Multi-Signature Wallets: The Gold Standard of Crypto Security
Multi-sig wallets require multiple private keys to authorise transactions, making them virtually impossible to compromise. Here is how they work.
A multi-signature (multi-sig) wallet requires approvals from multiple private keys before any transaction can execute. A 2-of-3 wallet, for example, has 3 keys — any 2 must sign a transaction. This means a single compromised key, lost device, or social engineering attack cannot drain the wallet. Multi-sig is the gold standard for securing large crypto holdings.
How Multi-Sig Works
- Create a wallet specifying M-of-N: any M of N keyholders must approve each transaction
- Common setups: 2-of-3 (two keys required from three), 3-of-5 (three from five)
- Keys can be distributed: different devices, different locations, different people
- Gnosis Safe: the dominant multi-sig wallet protocol, manages $60B+ in assets
- Steyble multi-sig: create and manage multi-sig vaults directly in the Steyble app
Multi-Sig Use Cases
- Personal security: 2-of-3 personal multi-sig — one key on phone, one hardware wallet, one backup
- Family funds: 2-of-3 with spouse — either can transact, but both need to agree for large amounts
- Business treasury: 3-of-5 with CFO + 2 board members required for any disbursement
- Inheritance: beneficiary holds one key, executor another — both required to unlock after death
- DAO treasury: community multi-sig requiring majority of council members to approve spending
Setting Up Your First Multi-Sig
Setting up a 2-of-3 multi-sig on Steyble takes 15 minutes.
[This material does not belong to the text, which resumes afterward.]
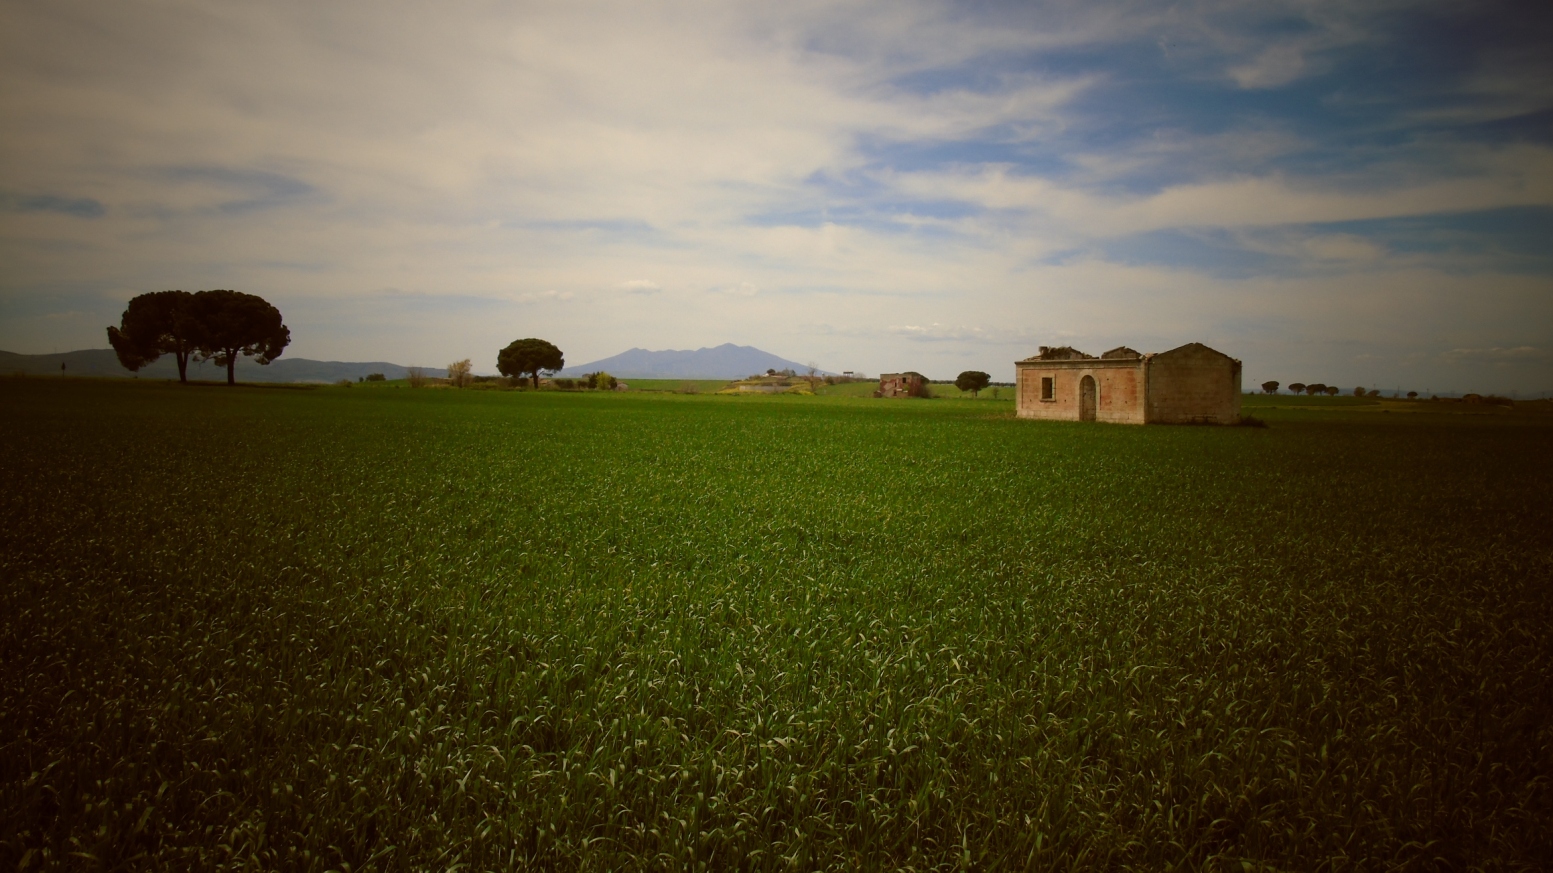 In agro di Venosa - Veduta dalla Bradanica img. 1

Define your three key sources (Steyble mobile wallet, hardware wallet, emergency backup device), deploy the smart contract, and test with a small transaction. Your emergency backup key should be physically secured (safety deposit box or fireproof safe) — it is the recovery option if one primary key is lost. Once set up, your assets have industrial-grade security without relying on any third party.